Os itálicos são meus. Em quem devemos acreditar? Evidentemente, o Teosofista Nº 2 não havia encontrado “Um Teosofista” Nº 1, caso contrário, as observações — para dizer o mínimo — indiscretas em sua carta jamais teriam aparecido, porventura, no Tribune. Para concluir:

Como Editora do The Theosophist, declaro agora publicamente que, não sendo sectária, não seguindo a liderança de ninguém e sentindo o mais profundo desprezo pelo fanatismo de mente estreita sob qualquer forma, as colunas de nosso periódico — enquanto eu o editar — jamais serão fechadas a qualquer autor, apenas porque ele diverge de mim em opiniões religiosas ou filosóficas. Tendo Gautama Buda em mais alta veneração do que qualquer outro mestre religioso no mundo inteiro, eu contudo publicamente, e não obstante a oposição budista às Escrituras hindus, professo uma profunda admiração pelos Vedas e pelo ensinamento Vedanta, simplesmente porque reivindico o inegável direito de pensar por mim mesma, livre de qualquer mestre ou ensinamento divino ou humano. E se eu recebesse, em qualquer dia, um artigo bem escrito dirigido contra nossa Sociedade, o Salvador budista ou a mim pessoalmente, eu certamente o publicaria no mesmo espírito de tolerância e imparcialidade, e com a mesma prontidão com que daria espaço a um artigo contra um inimigo declarado nosso. E, como Secretária Correspondente da Sociedade Teosófica Matriz ou Central, sinto-me compelida a advertir “Um Teosofista e Arya-Samajista”. Que ele evite no futuro dar vazão a sentimentos como os expressos por ele no The Tribune, pois são tão desonrosos para si mesmo quanto são repugnantes para a Sociedade que o honrou admitindo-o no número de seus Membros. A menos que ele acate este conselho amigável, nosso Conselho Geral poderá um dia intervir, e ele subitamente se veria compelido a assinar suas futuras denúncias apenas como “Um Arya-Samajista”.

Fraternalmente vossa,
H. P. BLAVATSKY.

Simla, 24 de agosto de 1881.

[No Scrapbook de H.P.B., Vol. XI, Parte II, pp. 410-12, há vários recortes do Ceylon Catholic Messenger de 25 e 26 de outubro e 1º de novembro de 1881, intitulados “Absurdos de ‘Um Catecismo Budista’, de Henry S. Olcott”. Trata-se de um longo e hostil ataque ao Budismo em geral e ao Cel. Olcott em particular. A seguinte passagem foi marcada por H.P.B. a lápis azul: “Se nenhuma outra prova de nossa afirmação pudesse ser obtida, o conhecimento escasso, para não dizer a ignorância total, dos budistas sobre a Terra, suas leis físicas e astronômicas, seria bastante suficiente; pois mesmo nos dias de hoje, a esfericidade e as revoluções da Terra são negadas por aqueles que professam ser os discípulos do ‘Todo-Sábio’, do ‘Iluminado’! O Budismo, segundo o Cel. Olcott, às vezes supera a ciência moderna.” A isto H.P.B. acrescentou as seguintes observações a tinta:]

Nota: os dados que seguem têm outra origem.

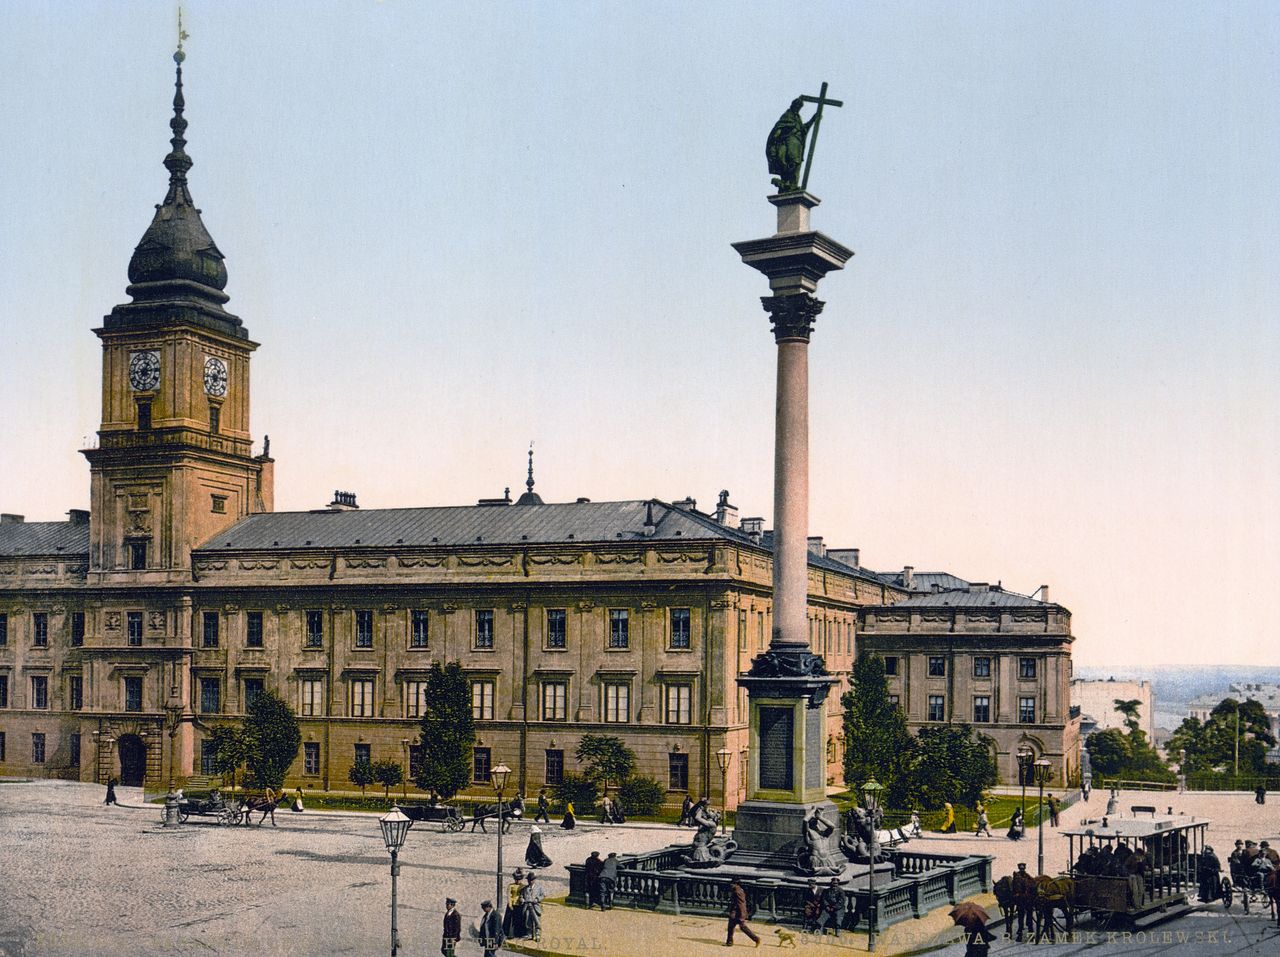 Zamek Królewski w Warszawie około roku 1900

Alguns sacerdotes budistas ignorantes podem negar atualmente, como sempre, a esfericidade da Terra e suas rotações. Mas o mesmo fazem os fanáticos e monges católicos romanos até hoje, e mais do que nunca desde os dias de Galileu. O Professor Schöpffer, eminente astrônomo de Berlim, nega o sistema heliocêntrico e o Padre Grégoire, do Cairo, fez o mesmo. Os jesuítas evitam falar dessa rotação que ridiculariza a Bíblia infalível e o “Milagre” de Josué.

[Ela também acrescentou a seguinte observação final:]

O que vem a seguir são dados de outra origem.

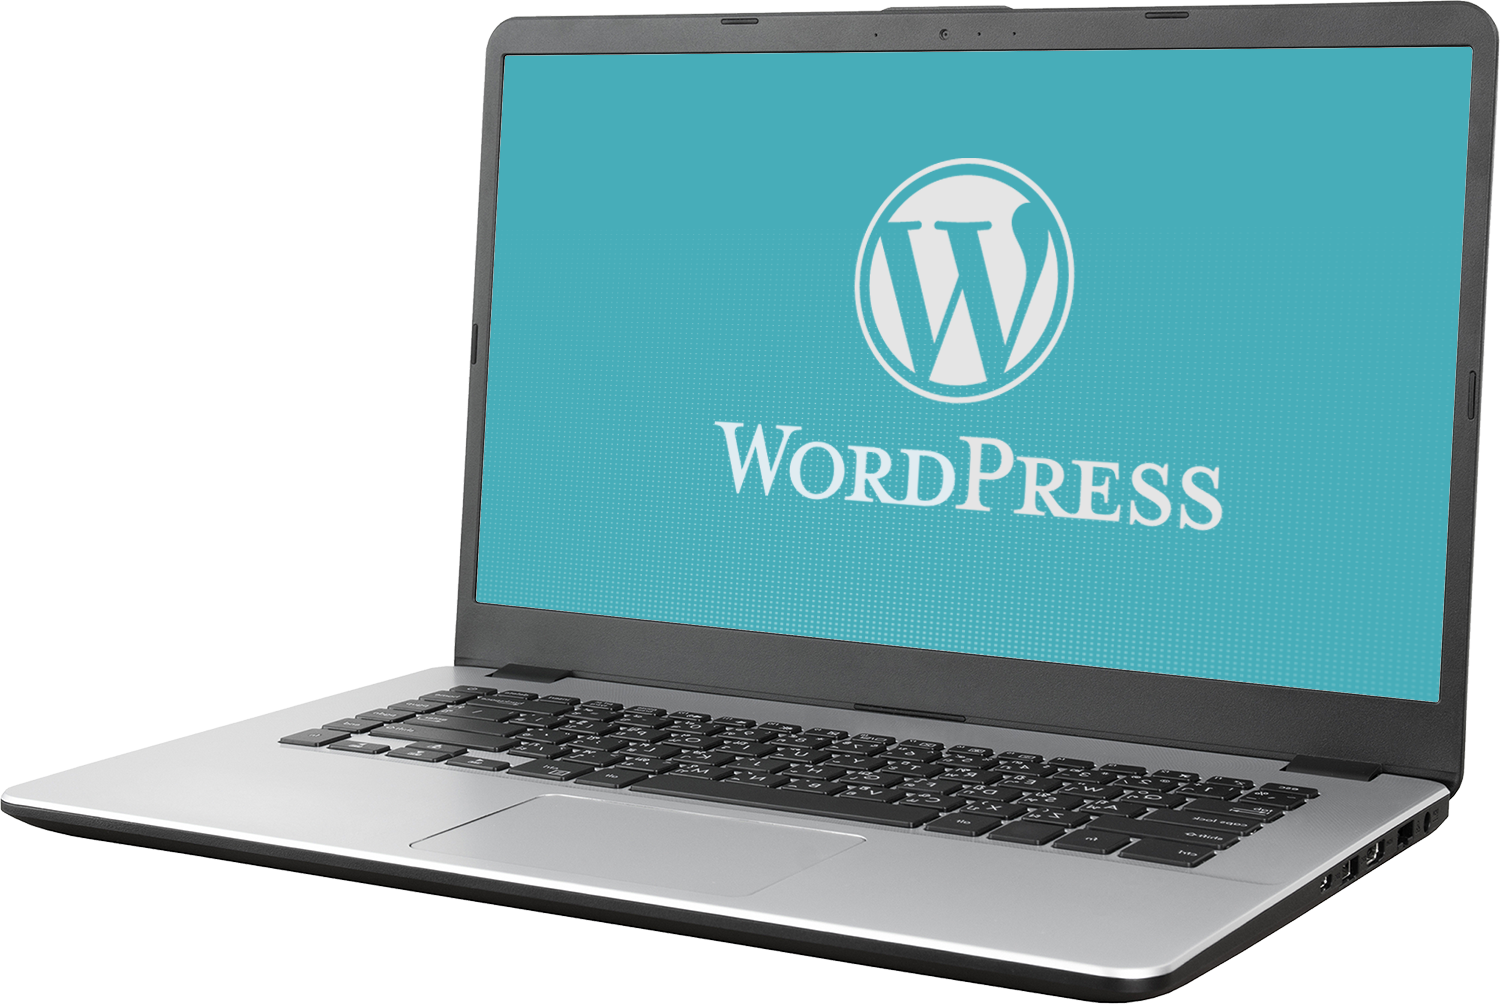 WordPress logo on laptop

Tendo terminado com o Coronel Olcott e com os “Absurdos do Budismo”, lança-se furiosamente sobre os “Absurdos do Protestantismo”!! Ó Catholic Messenger, a Consistência é Teu nome!

[Segue-se um artigo do mesmo jornal intitulado “Um Catecismo Sobre o Protestantismo e a Igreja Católica”, de John Perrone, S.J.]

A Estrela de Seis Pontas e a de Cinco Pontas — Nossa Resposta

[The Theosophist, Vol. III, Nº 2, novembro de 1881, pp. 31-33]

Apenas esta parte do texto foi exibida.